Tadej Pogachar enters the 2022 Tour de France in Paris as the favorite to win the overall, but the defending champion will have to attack in the Pyrenees to resume his battle with overall leader Jonas Vingegaard.
Following a rest day in Carcassonne on Monday, the Tour resumes with three straight Pyrenees races. Pogachar, who is 2:22 away from the maillot jaune, will have to make up for his multiple attacks on the Danes in the Alpe d'Huez and Mende.
Pogachar told a UAE Team Emirates press conference on Monday that his goal is to attack as far as possible. He had already caught Vingegaard and Jumbo Visma on the first hill of the day from the start of stage 14 in Mende.
Now, far from the Côte de Saint-Just-Marmont, the high mountains loomed and an epic battle for yellow was underway.
"We need to seize every opportunity," Pogachar said. "You have to attack on every climb. I need to push as hard as I can on the climbs and try to make up time. Every day now is very hard and that is possible. I want to give it my all and have no regrets."
"If I have a chance to attack, I will. There are a lot of chances to try ahead. I think we need to close the gap [before the time trial]. Jonas is good at time trials. [You can't gain 30 seconds or two minutes in the last time trial. You can't bet everything on the last TT."
Pogachar will now face the biggest challenge of his short but highly successful Tour de France career. Five days have passed since the unexpectedly large crash on the Granon Pass, and since that stage many theories have been put forward to explain the Slovenian's "grieving journey."
The dreaded hunger knock is the most popular theory, as the UAE Team Emirates musette was reportedly found at the foot of the mountain. Pogachar did not confirm the story and instead suggested that Jumbo Visma's repeated attacks on the Col de Galibier had more to do with his crack.
"Maybe I was a little short on fuel, but I answered so many attacks in Galibier that it drained my energy. He said, "If I went all out for 10 sprints, Vingegaard and Roglic sprinted only five times. Maybe I should have taken in more fuel."
"I was very happy with my performance.
Since that day, Pogachar has attacked repeatedly in the stages to Alpe d'Huez and Mende. However, Vingegaard was not one step behind him on these final stages.
"I think I'm more motivated. He's the guy to beat. He's super strong. He was with me in the Alpe d'Huez, but if I dig deeper and get more confident, I might be able to get some time off."
"In Mende, it was a shorter climb, more explosive, and he was on my wheel. It was more or less the same; a lot can happen in three days. Everyone is mentally and physically tired, some days are bad, some days are good.
Like UAE Team Emirates, which lost George Bennett and Vegard Stake Rengen, Jumbo-Visma has also been thin in the ranks in recent days with the abstentions of Primož Roglic and Steven Kruijswijk.
Both teams now have six players left in the race (the Ineos Grenadiers team with third-place finisher Geraint Thomas has all eight).
"If you look at the numbers of how many riders each team has, I would say we are more or less the same.
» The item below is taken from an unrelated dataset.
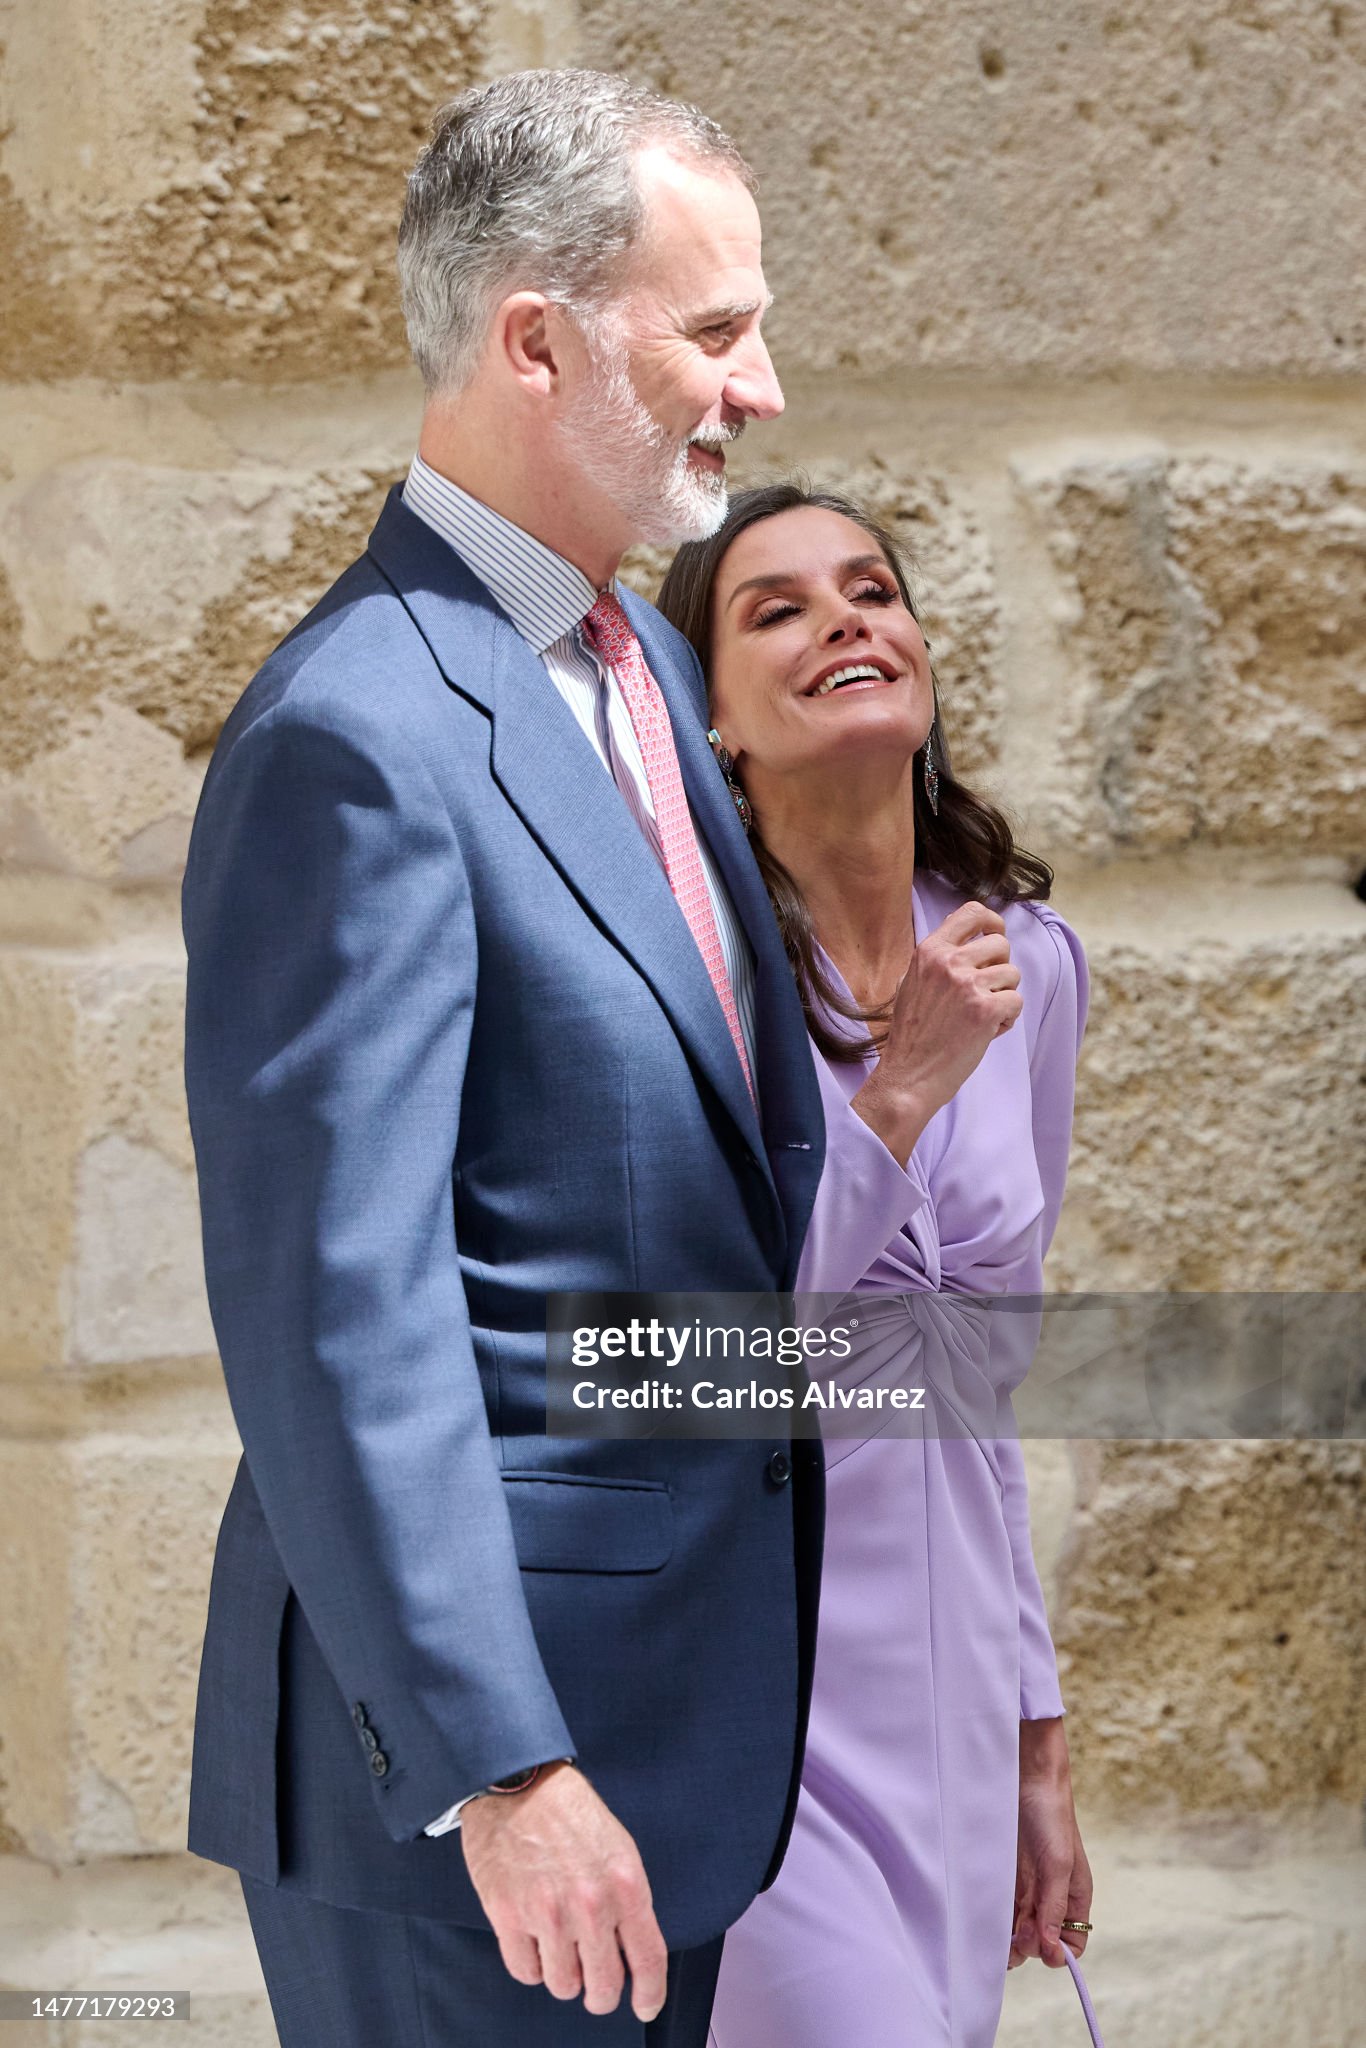 king-felipe-vi-of-spain-and-queen-letizia-of-spain-visit-the-exhibitions-on-the-occasion-of.jpg

How hard it was for us when we lost Begarde and George Bennett." I know how hard it was for us when we lost Begarde and George Bennett.
"They need to defend their jerseys. I need to attack them. The Pyrenees stage is very hard, so I think it will be man-to-man. Everyone will be on full gas, not just Jumbo and us. I think more or less everyone will be racing from the start.
"I don't think of it as an alliance. They are in a good position with three riders in the top ten, so if they attack, Jumbo will have to respond. But at the moment they seem to be racing just for the podium and the team split.
"I'm going to race the team and myself, and I'm going to try as hard as I possibly can."